Dr. Mabuse und der Hexer in Wolffs Revier
Eine Ausstellung in der Spandauer Zitadelle läßt 80 Jahre Filmgeschichte Revue passieren
von Silke Osman

Die Nacht ist dunkel wie sonst kaum zuvor. Das Licht einer einzelnen Straßenlampe läßt den nassen Asphalt silberschwarz schimmern. Von fern dringt Straßenlärm in die kleine Gasse. Schritte eines Mannes klingen hohl durch die Nacht. Er blickt sich um, fühlt sich verfolgt, da ... Das Kinopublikum verfolgt gebannt das Geschehen auf der Leinwand. Kaum einer wagt, in die Tüte mit Popcorn zu greifen, das Knistern würde nur stören bei der spannenden Geschichte, die der Meister des Kriminalromans Edgar Wallace ersonnen und die Alfred Vohrer 1964 für das Kino inszenierte.

"Der Hexer" und andere Streifen dieser Art locken bei eingefleischten Krimifans heute nur noch ein müdes Lächeln hervor, Kinofreunde allerdings geraten ins Schwärmen, wenn sie an die alten Schwarzweiß-Filme denken. Sie werden auf ihre Kosten kommen, besuchen sie eine Sonderausstellung, die das Stadtgeschichtliche Museum Spandau im Zeughaus der Zitadelle derzeit zeigt.

"Dr. Mabuse und Edgar Wallace in Wolffs Revier" ist der sinnige Titel der Ausstellung, die 80 Jahre Spandauer Film- und Kinogeschichte Revue passieren läßt. Der Laie verbindet gemeinhin mit Berlin und Filmproduktionen die Namen Ufa und Babelsberg. Doch auch in Spandau und Staaken entstanden Filme. Die riesigen, nicht mehr genutzten Zeppelinhallen in Staaken kamen der in den 20er Jahren expandierenden Filmindustrie entgegen. Mit einer Länge von 256 Metern und einer Höhe von bis zu 41 Metern boten sie genügend Raum selbst für Monumentalaufnahmen.

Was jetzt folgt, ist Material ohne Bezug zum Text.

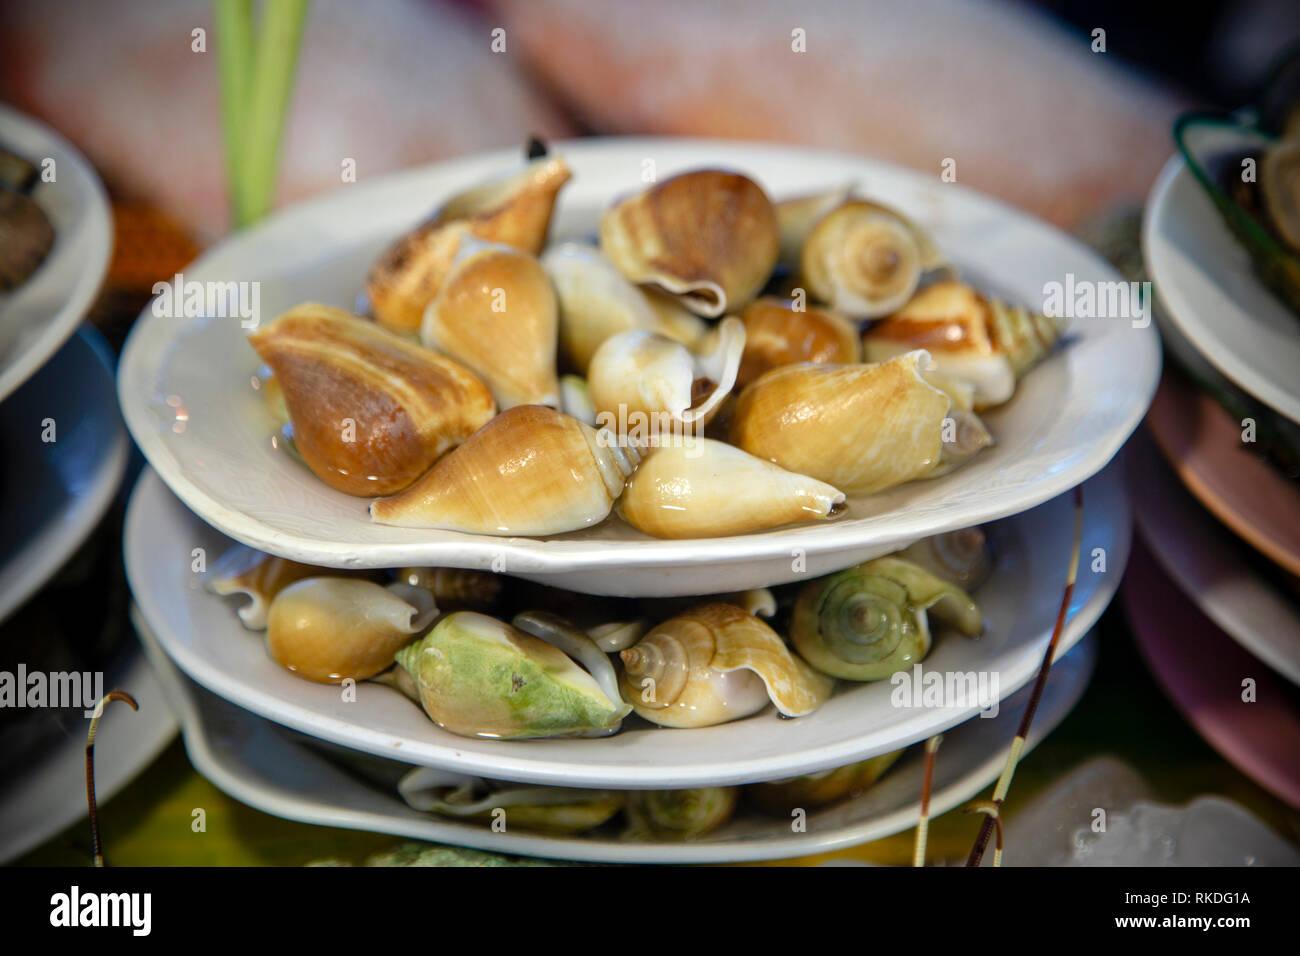 Edible Species Sea Snail Stock Photos & Edible Species Sea Snail

Über 200 Filme wurden in Staaken gedreht, darunter auch Szenen von so berühmten Streifen wie "Metropolis" von Fritz Lang, dem teuersten Film seiner Zeit, aufwendig vor allem in der Architektur. In Staaken wurde die Herzmaschine errichtet, die Energiezentrale der "Stadt der Zukunft". Der Filmarchitekt Erich Kettelhut erinnert sich an die Dreharbeiten in den Zeppelinhallen im November 1925: "Die Molochmaschine glich, wenn auch in phantastisch abgewandelter Form, einer der großen Dieselmaschinen, wie sie in den Maschinenräumen von Überseeschiffen anzutreffen sind.

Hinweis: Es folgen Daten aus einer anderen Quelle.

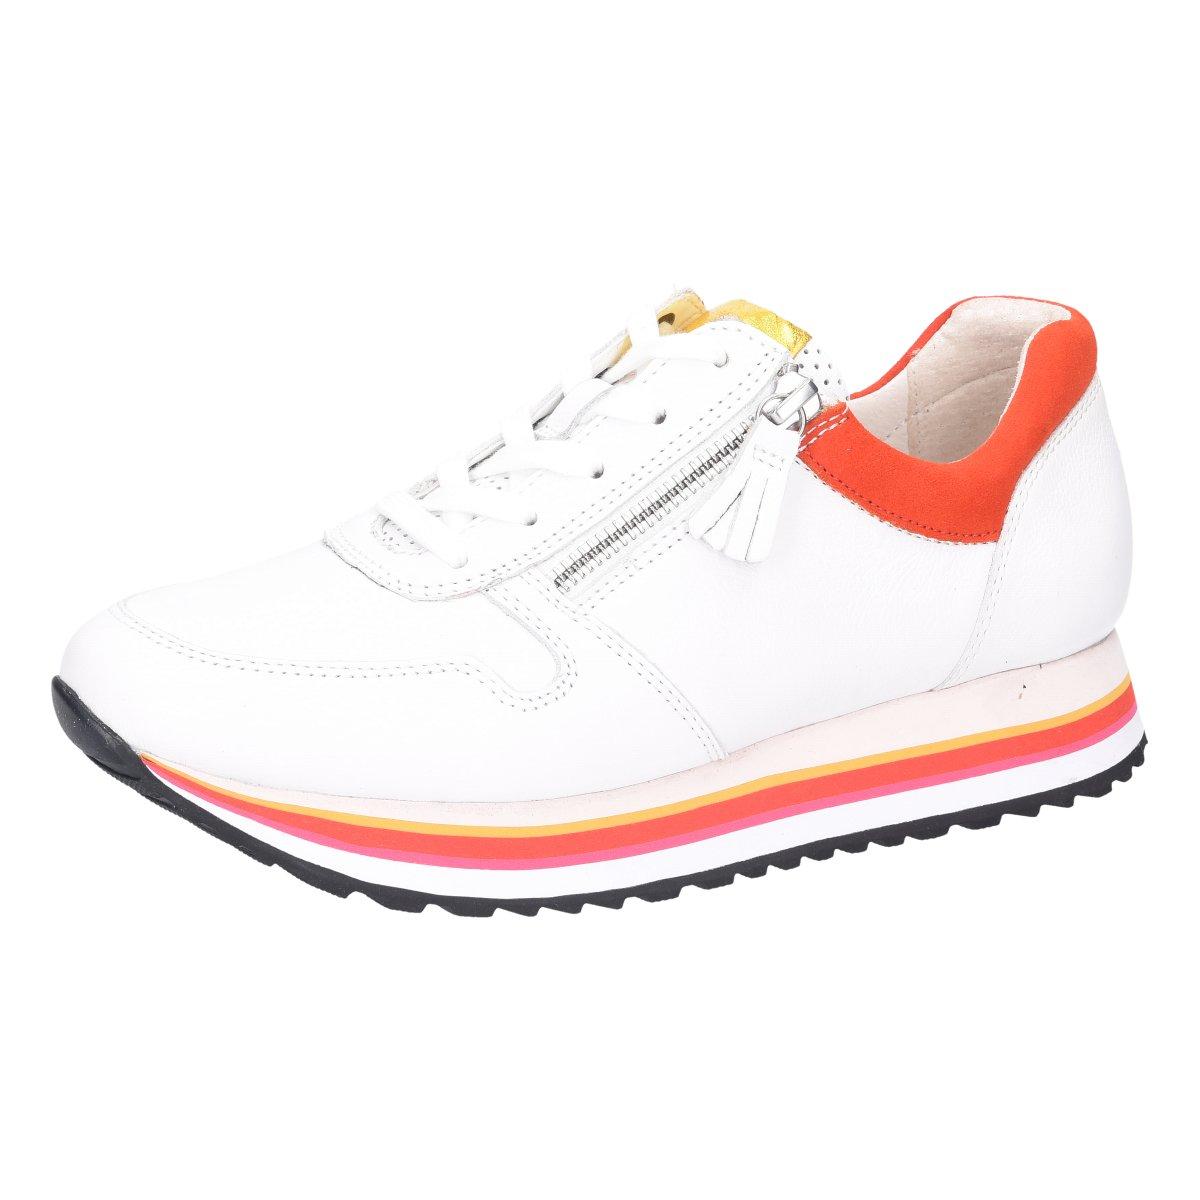 Details zu Gabor Damen Sneaker York Weite G 46.448.51 weiß 862602

14 Arbeiter regulierten auf drei übereinander liegenden Etagen an Schalttafeln ihren Gang. Von den sechs Ventilen schossen, paarweise abwechselnd, ständig Dampfwolken unter starkem Druck senkrecht empor. Dazu brauchten wir Dampf, viel Dampf auch für die noch folgenden Aufnahmen. So war es eine besonders günstige Konstellation, daß es ganz in der Nähe eine Gasanstalt gab, bei der ein Teil des ehemaligen Zeppelinpersonals arbeitete. Der Chef des Gaswerkes, auch ein Graf Zeppelin, ein Bruder des Luftfahrers, zeigte sich sehr entgegenkommend, weil sein reparaturbedürftiges Werk, wie er freimütig zugab, diesen Nebenverdienst dringend brauche. Er verschaffte uns nicht nur eine der großen Dampflokomotiven, (...) Herr von Zeppelin stellte auch das Rohmaterial, die dazugehörigen Ventile, Verschlüsse und Dichtungen, sowie Monteure und einen leitenden Ingenieur. Wir verfügten während des Drehens jederzeit über Dampf, so viel und so oft wir ihn haben wollten. In der kalten Halle kam er doppelt zur Wirkung."

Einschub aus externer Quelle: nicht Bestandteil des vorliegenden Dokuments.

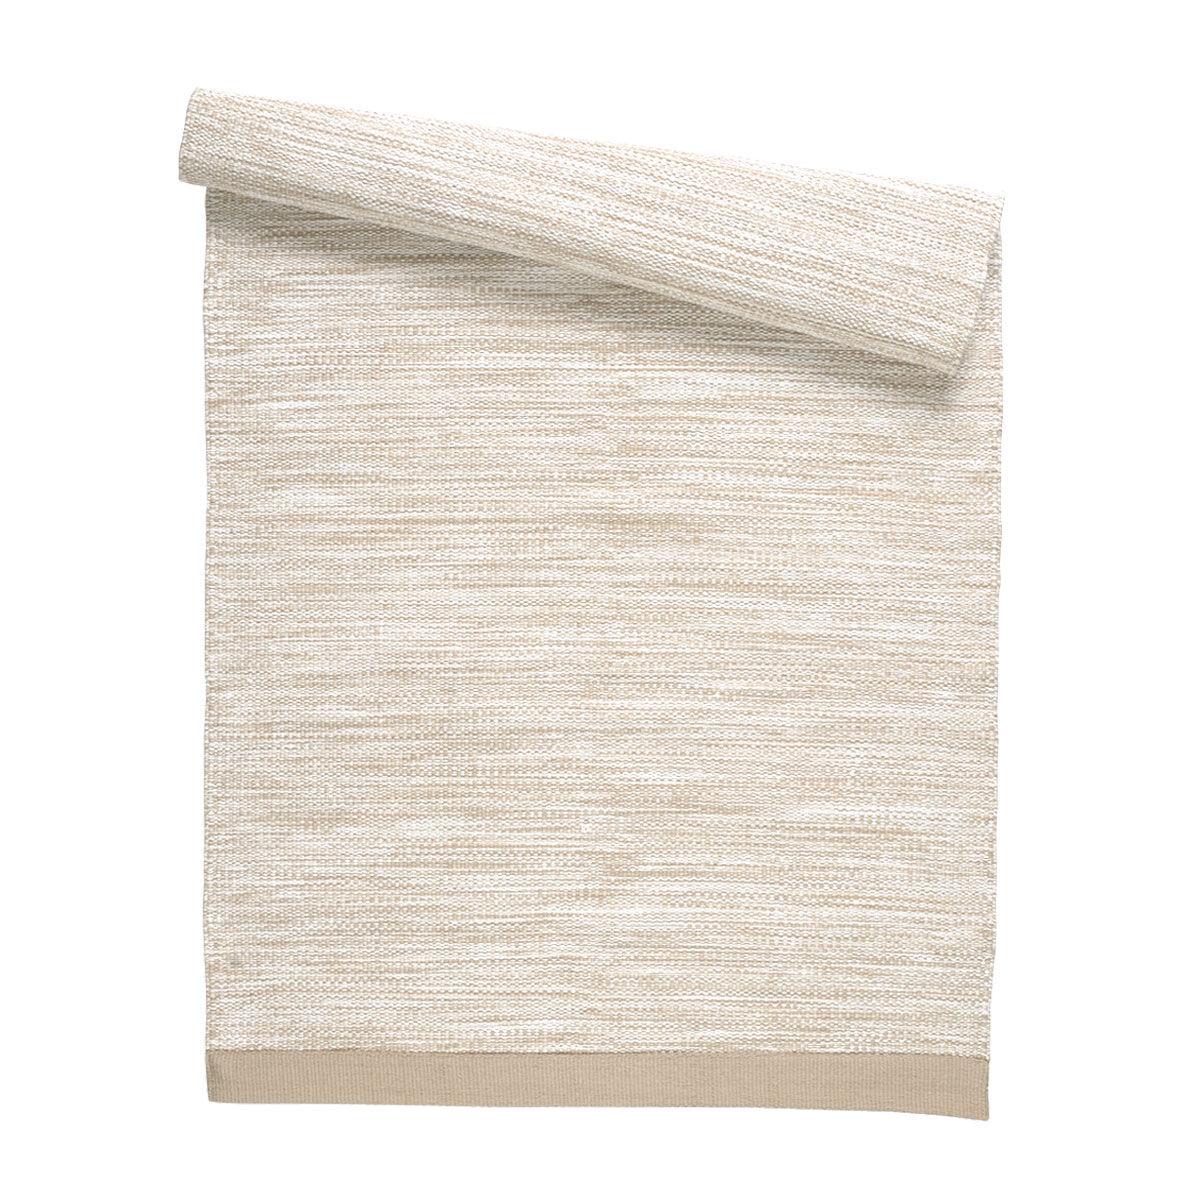 Linum Loom Matto 80x160cm, Beige

Über die Dreharbeiten für "Das Testament des Dr. Mabuse", den Fritz Lang 1932 / 33 unter anderem in den ehemals staatlichen Pulverfabriken in Spandau-Eiswerder drehte, las man in der Zeitschrift "Lichtbild-Bühne": "Es ist gegen 5 Uhr nachmittags. Wir befinden uns schon draußen in Eiswerder angesichts eines großem langgestreckten Gebäudes mit vier ragenden, über 60 Meter hohen Schornsteinen, eines Gebäudes, das binnen weniger Minuten in einen schwelenden Trümmerhaufen verwandelt sein wird ... Langsam senkt sich die abendliche Dämmerung hernieder. Fritz Lang hat die ,Kommandobrücke' erstiegen, die links und rechts von steilen Leitergerüsten für die Operateure und die Beleuchter flankiert ist. Auf einmal ,Achtung!'. Eine Rakete steigt hoch. ,Achtung, Apparate einschalten!' Und im gleichen Augenblick flammen etwa 130 Jupiterlampen auf, beginnen 16 Operateure, die links und rechts von der Fabrik, vor und hinter ihr postiert sind, ihr Werk. Noch herrscht Ruhe, atemlose Spannung. Die Fabrik steht fest, der Hof ist angefüllt mit Benzinfässern, Waggons und so weiter., eine Fabrik in Betrieb. Dann aber schießt eine kleine Rauchwolke empor, erst zaghaft, später mächtig, eine Feuersäule folgt ihr in den abendlichen Himmel. Funkenregen geht nieder - und nun drückt Fritz Lang einen Knopf auf seinem Tabulaturenbrett, von dem aus elektrische Ströme die Sprengungen verursachen. Eine gewaltige Detonation, eine Stichflamme, der hintere Schornstein wankt, birst im halben Fall, reißt im Sturz das Fabrikdach mit sich und geht im Feuermeer unter. Der nächste, der übernächste folgen ihm, von Lang unsichtbar gelenkt, hinein in die Glut, die sich nach allen Seiten Bahn bricht, die aus den Fenstern schaut wie aus entsetzlich aufgerissenen Augen."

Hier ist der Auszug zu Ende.